Convicted of the home invasion and murder in 1999 of 64-year-old Robert Ratliff, with whom he maintained friendly relations and lived with him shortly before the incident. After a disagreement over missing items, Ratliff kicked Rice out of the house. Soon, Rice stole an older friend's pickup truck, and later returned to the house with an accomplice, took his wallet, the keys to a Lincoln Continental, and shot the sleeping Ratliff three times. Photo taken on August 20, 2008. The execution took place on October 21.
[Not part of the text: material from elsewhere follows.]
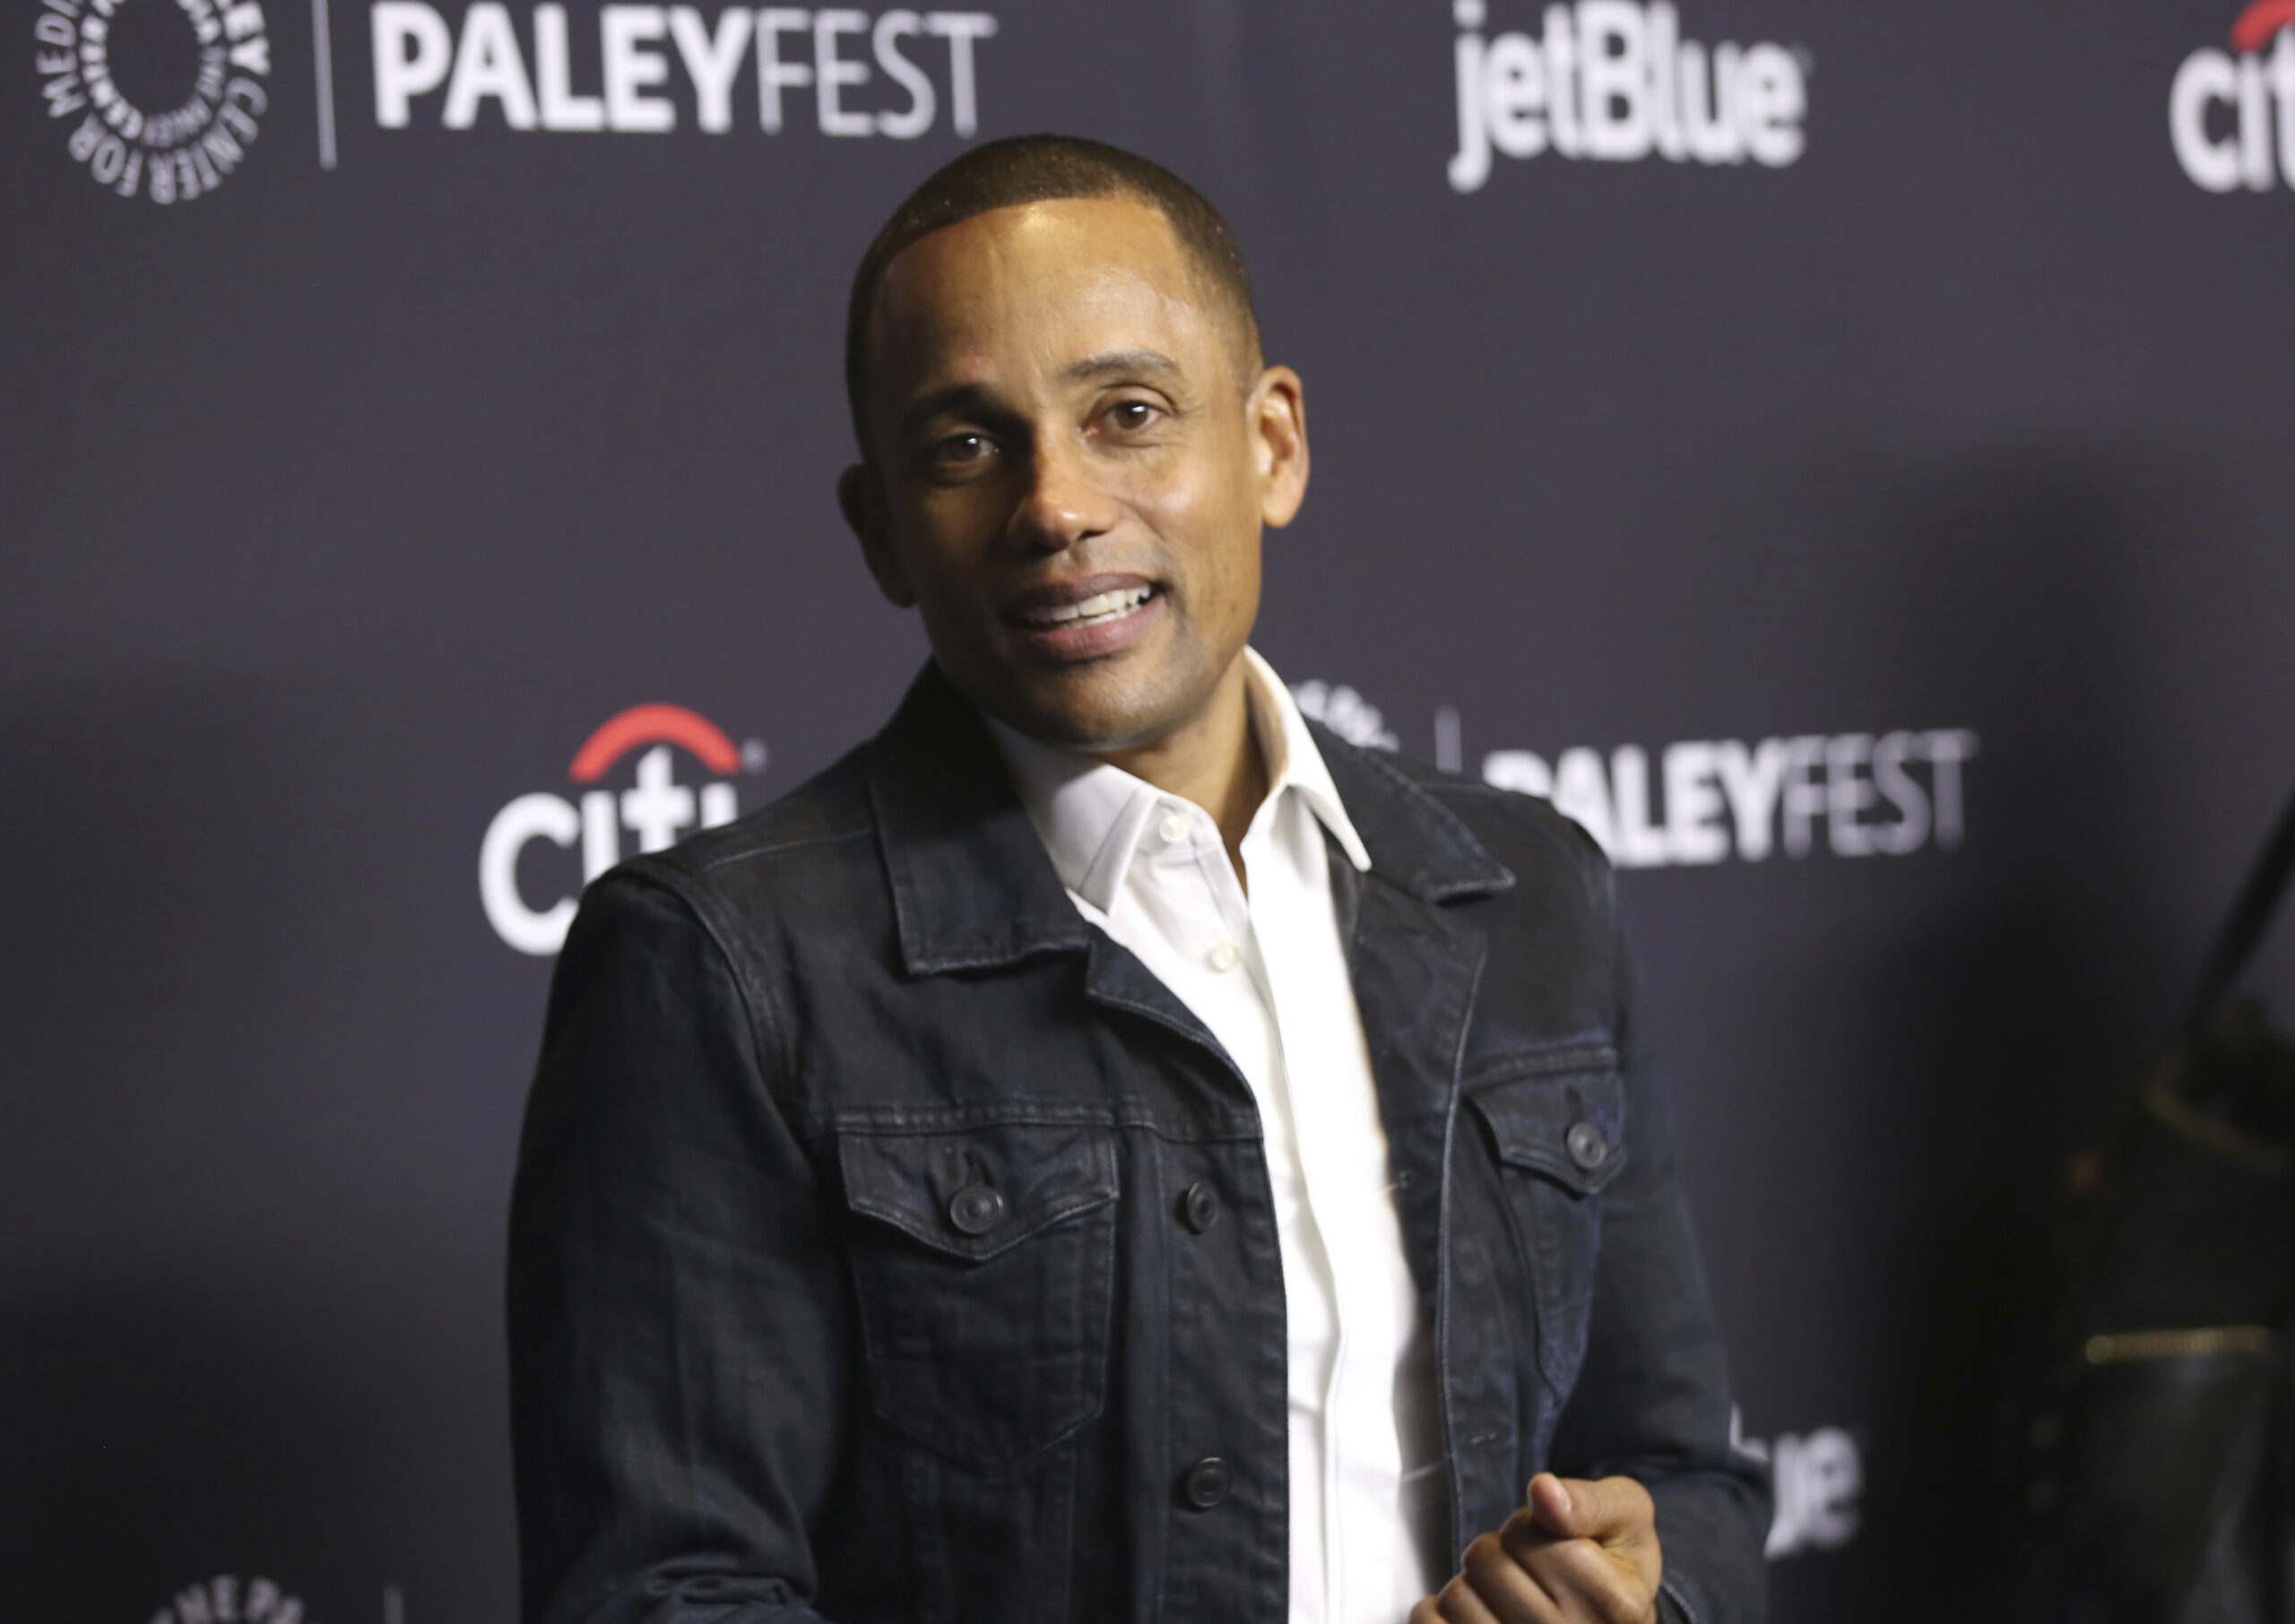 Hill Harper, a cast member in the television series "The Good Doctor" arrives at the 35th Annual PaleyFest at the Dolby Theatre on Thursday, March 22, 2018, in Los Angeles. Harper announced Monday, July 10, 2023 that he is running for Michigan's open U.S. Senate seat and challenging U.S. Rep. Elissa Slotkin for the Democratic nomination. Harper is the sixth Democratic candidate to enter the race for retiring Democratic Sen. Debbie Stabenow's seat. (Photo credit: Willy Sanjuan, Invision, The Associated Press

Hank Skinner, 54 years old

Convicted of murdering his girlfriend Twyla Busby and her two sons in 1993. Busby was bludgeoned to death; her children died from multiple stab wounds. The photo was taken on December 16, 2009, three months before the first scheduled execution date, which was later postponed several times. In particular, in 2010, the court ordered a delay 20 minutes before the execution of the sentence, because Skinner's defense demanded a DNA test, which the prosecutor considered unnecessary at the trial in 1994. In 2012, a DNA test confirmed that the blood at the crime scene belonged to Skinner, but other traces of DNA belonged to another person, whose identity has not been established. Skinner was again found guilty; The defense plans to appeal the decision to the Texas Court of Appeals.

Carla Faye Tucker, 38

Carla Faye Tucker is found guilty of murdering her acquaintance Jerry Lynn Dean with a pickaxe. The murder was committed during the attempted theft of a motorcycle from the victim's home in 1983 in Houston, Texas. Once in prison in 1984, she converted to Christianity and soon married the prison priest. Her transformation led to the emergence of a noticeable protest movement - Pope John Paul II and UN Commissioner Bakr Ndiaye petitioned for her pardon. Carla Tucker, 38, was executed on February 3, 1998. She became the first woman to be executed in Texas since 1863.